Let's suppose a divisor c of 0x00ffffff00000000

        shift = __builtin_clzll(c);
        c <<= shift;

so shift = 8 and c becomes 0xffffff0000000000

Also need to track the actual divisor power. Given that we start working 
on n_hi not n_lo, this means the power is initially 64. But we just 
shifted c which increased its power:

        p = 64 + shift;

Then, remember that n_hi < original c. That's ensured by the overflow 
test earlier. So shifting n_hi leftwards will require a greater shift 
than the one we applied to c, meaning that p will become 63 or less 
during the first loop.

Let's suppose n_hi = 0x000ffffffff00000 and n_lo = 0

Then enter the loop:

                carry = n_hi >> 63;

Top bit of n_hi is unset so no carry.

                shift = carry ? 1 : __builtin_clzll(n_hi);

If n'hi's top bit was set we'd have a shift of 1 with a carry. But here 
there is no carry and aligning n_hi to the top left bit requires a shift 
of 12.

                n_hi <<= shift;
                n_hi |= n_lo >> (64 - shift);
                n_lo <<= shift;

So n_hi is now 0xffffffff00000000

                p -= shift;

Shifting left the dividend reduces the divisor's power.
So p is now 64 + 8 - 12 = 60

Then, the crux of the operation:

                if (carry || (n_hi >= c)) {
                        n_hi -= c;
                        res |= 1ULL << p;
                }

So... if the divisor fits then we add a 1 to the result and subtract it.
n_hi = 0xffffffff00000000 - 0xffffff0000000000 = 0x000000ff00000000
res |= 1 << 60

Let's loop again:

                carry = n_hi >> 63;
                shift = carry ? 1 : __builtin_clzll(n_hi);
                ...

No carry, shift becomes 24, p becomes 60 - 24 = 36 and
n_hi becomes 0xff00000000000000.

                if (carry || (n_hi >= c)) { ...
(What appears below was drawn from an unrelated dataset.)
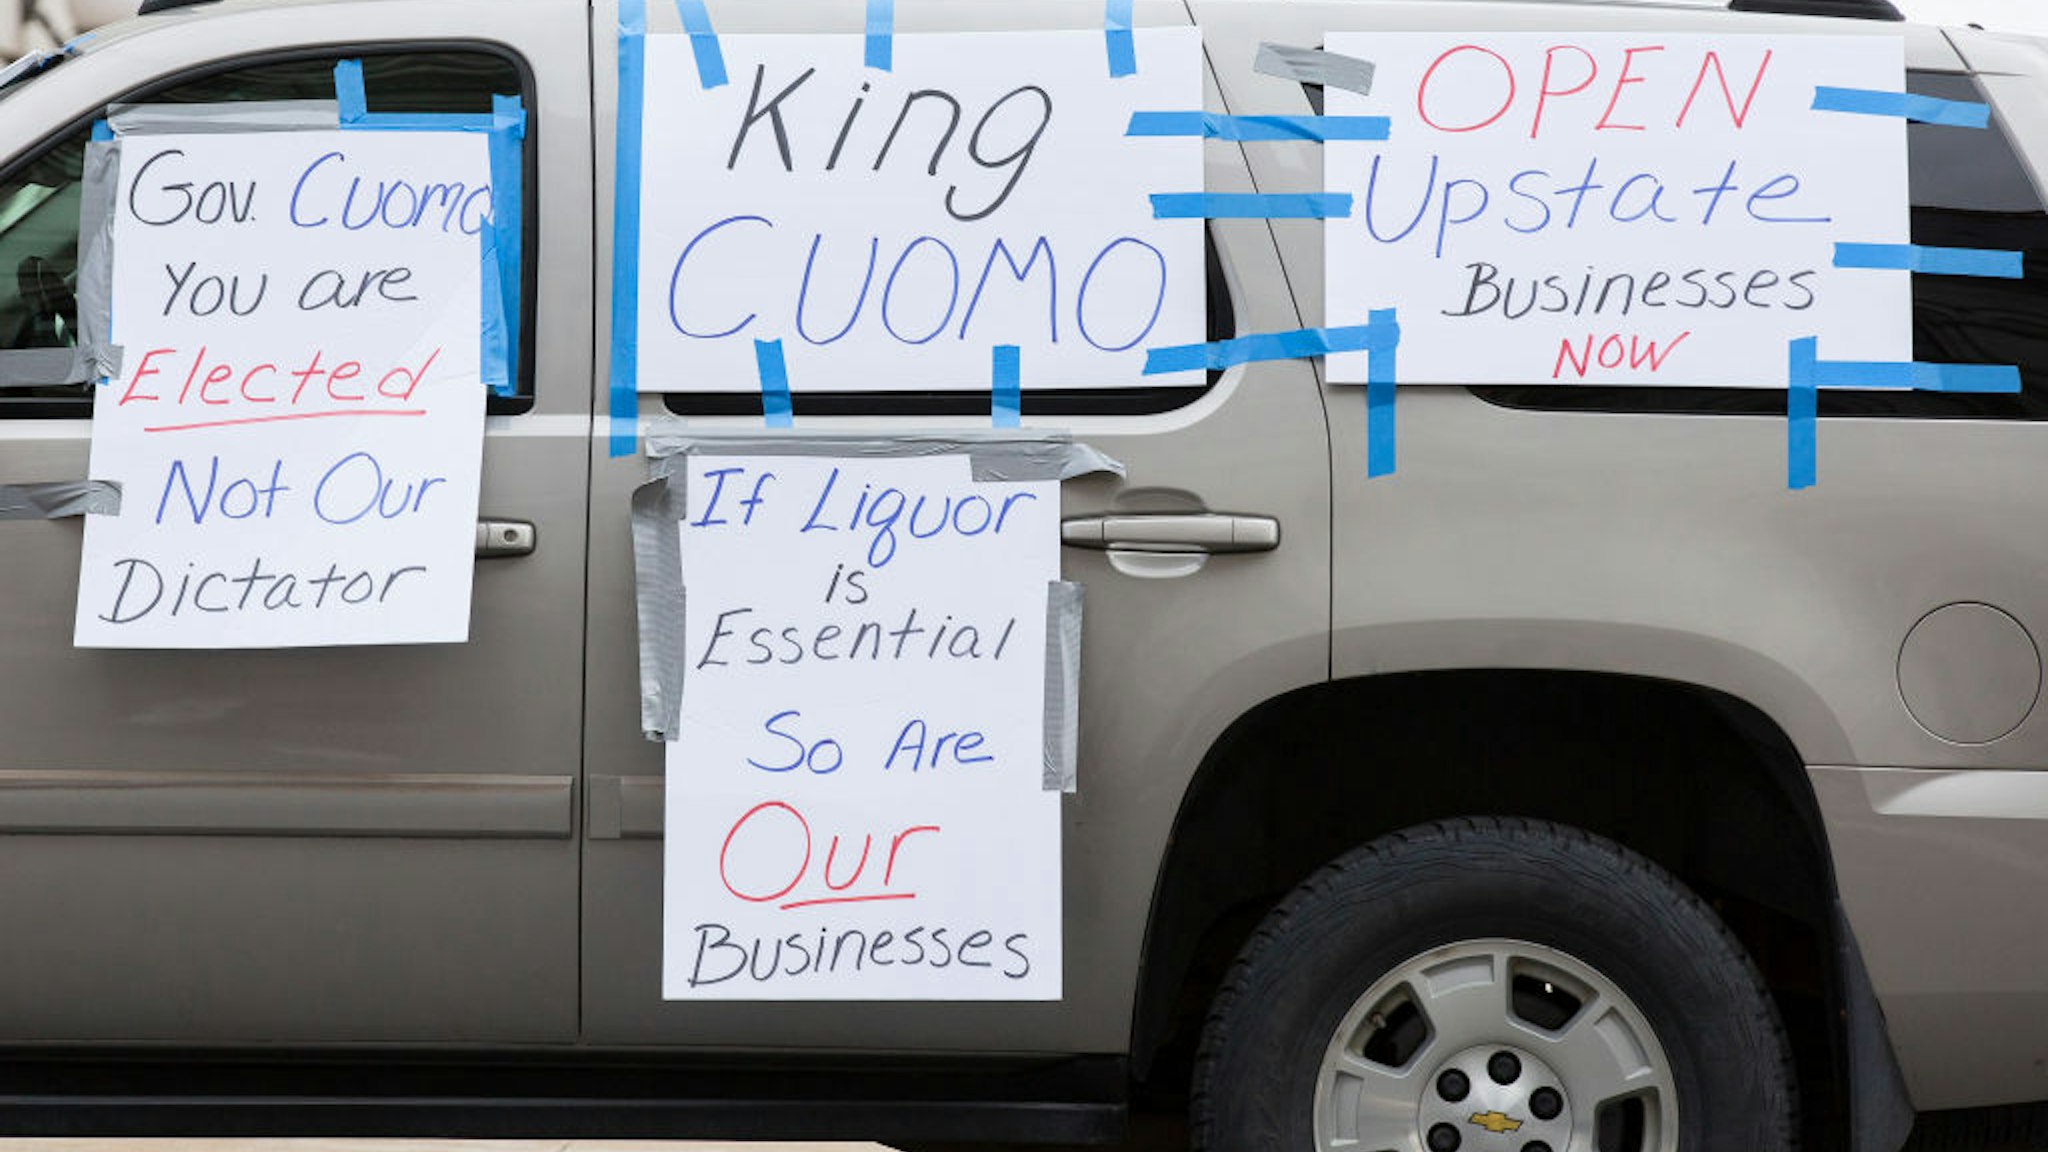 ALBANY, NY - APRIL 22: A vehicle is covered in signs criticizing New York State Governor Andrew Cuomo during an Operation Gridlock protest outside of the New York State Capitol Building on April 22, 2020 in Albany, New York. Protestors are calling on Cuomo to reopen New York State amidst a shutdown of all non-essential businesses due to the Coronavirus pandemic. (Photo by Stefani Reynolds/Getty Images)

No carry and n_hi is smaller than c so loop again.

                carry = n_hi >> 63;
                shift = carry ? 1 : __builtin_clzll(n_hi);

This time we have a carry as the top bit of n_hi is set and we're about 
to shift it by 1. p becomes 35 and n_hi becomes 0xfe00000000000000. In 
reality it is like having 0x1fe00000000000000 (a 65-bits value) which is 
obviously bigger than 0xffffff0000000000. So we can augment the result 
and subtract. Thanks to two's complement, we have:

n_hi = 0xfe00000000000000 - 0xffffff0000000000 = 0xfe00010000000000

and 

res = 1 << 60 | 1 << 35

And so on until either n_hi becomes 0 or p would go negative, which 
might happen quite quickly in some cases.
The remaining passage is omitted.